Back then, when I hung out with ideologues more than I do today, people on the American right liked technological innovation and market competition. They celebrated ingenuity and entrepreneurship. They might predict that a given product would fail or choose not to buy it—that’s the system, after all—but they weren’t affronted by the mere existence of for-profit approaches to social or environmental issues. They weren’t insulted by the idea that technology might alter attitudes by changing costs.
Now, everything is personal and I, who write as a meat eater who likes human ingenuity and technological progress, am read as a woke propagandist.1
Take the comment was from one Alan Kelman. It’s my favorite because he is so, so deluded about both my household income and my eating habits: “I won’t consider eating this stuff until Ms. Postrel, Bill Gates, John Kerry, and their fellow Davis/WEF dirrrtbags give up their super prime filet mignon, primo lobsters, and free range poultry. Apres vous Alphonse.”
As my husband pointed out to me, it is true that I am more likely than this guy to be invited to Davos. But I’m also more likely to win an Oscar—in the sense that a probability of 0.0000001 percent is greater than a probability of 0.000000001 percent.
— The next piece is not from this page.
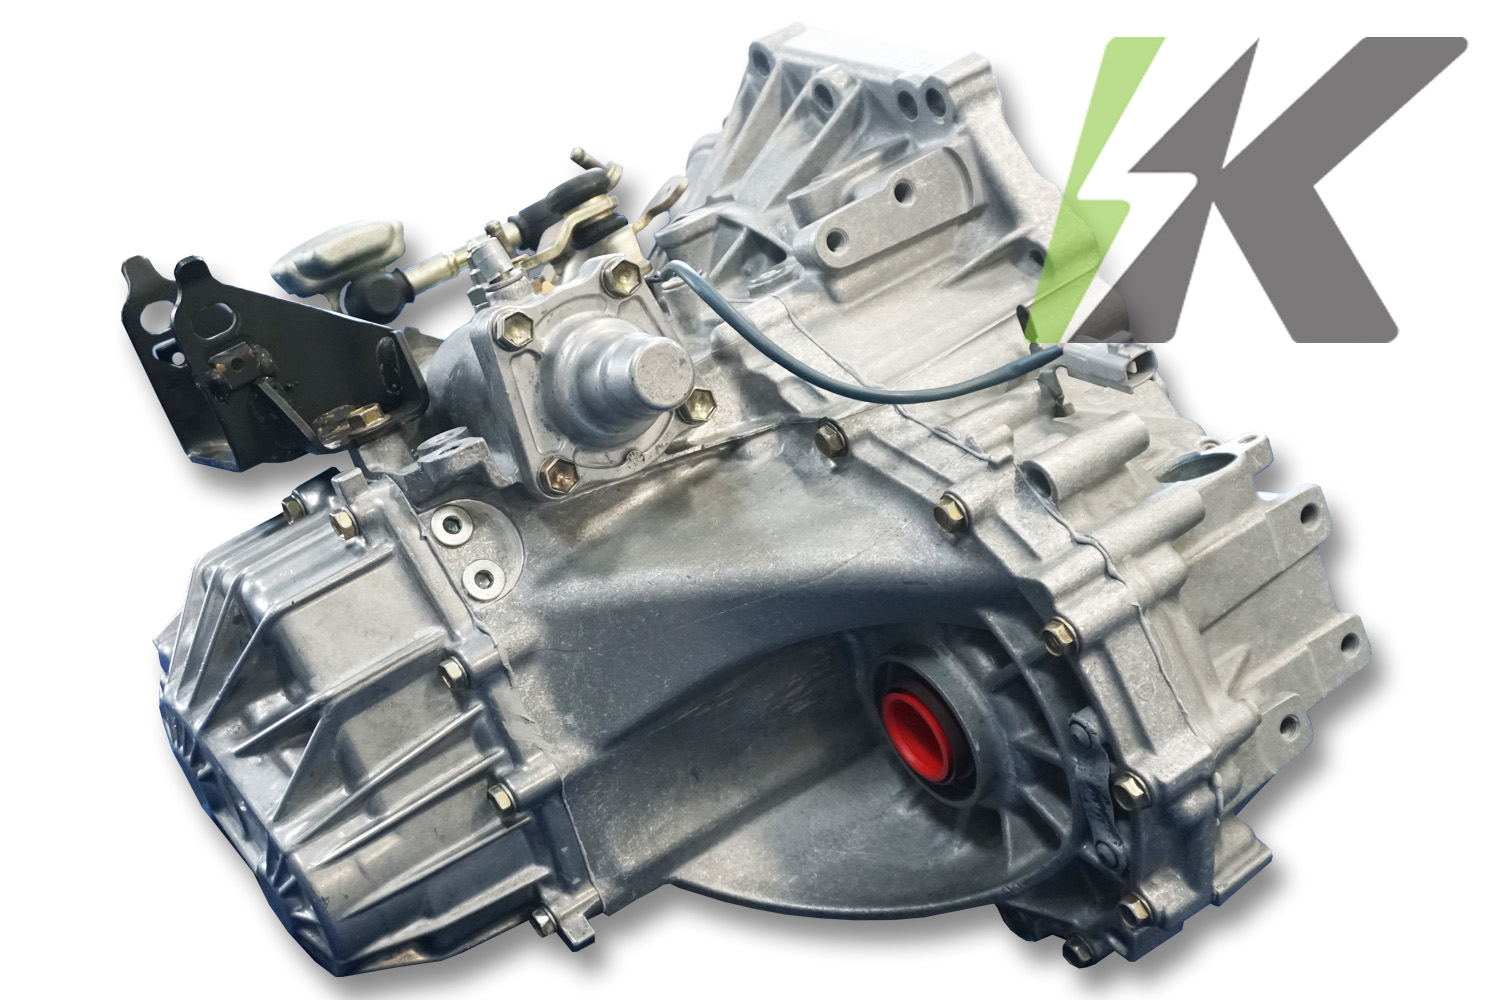 Rebuilt C6X Transmission for Lotus 2ZZ-GE

The best argument against the development of cell-grown meat is that technocrats believe that anything good must be mandatory, especially if the good thing claims to help the environment. So if someone invents cell-grown meat, government mandates will soon follow. We therefore shouldn’t encourage alternatives to the status quo lest we be forced to adopt them. It’s the same argument we hear from people who believe that saying cities should allow property owners more flexibility about what they build on their land is tantamount to banning single-family homes. This culture-war form of the precautionary principle is as bad as every other form. It’s a prescription for stasis.
The other thing that seems to worry the right-wing critics is the argument that ethical standards will change. Mike Wickerham comments:
So, I'm unethical for eating meat? Who gets to decide this? Is there some committee somewhere that determines what is ethical because it is what they think? Who are these supreme beings, these god-like entities greater than man, greater that 10,000 years of human civilization that suddenly determine that eating an animal is unethical.? I'm not sure how the rest of the readers feel about these self-righteous peddlers of their own determination of what is good and right: But for myself, I would be banned from commenting on WSJ again if I suggested what these people should go and do to themselves. Merry Xmas.
Contrary to this view, ethical standards evolve in a bottom-up way. They aren’t simply imposed, by me or anyone else. Their evolution is influenced not only by cultural ideas but by economics and technology. Authorities may try to impose ethical standards or to hold them still over time (see: the Taliban and women’s education), but standards do shift. To take a simple example, for 10,000 years of human civilization, child labor was completely normal; it still is in some places. It gradually vanished as people got richer and investing in children’s education made more economic sense than putting them to work. We now generally view child labor as unethical—not because that’s an eternal truth but because we can afford to. As noted in my article, even infanticide, which Christians always considered wrong, declined in Europe when preventing pregnancy became easier and raising children more affordable.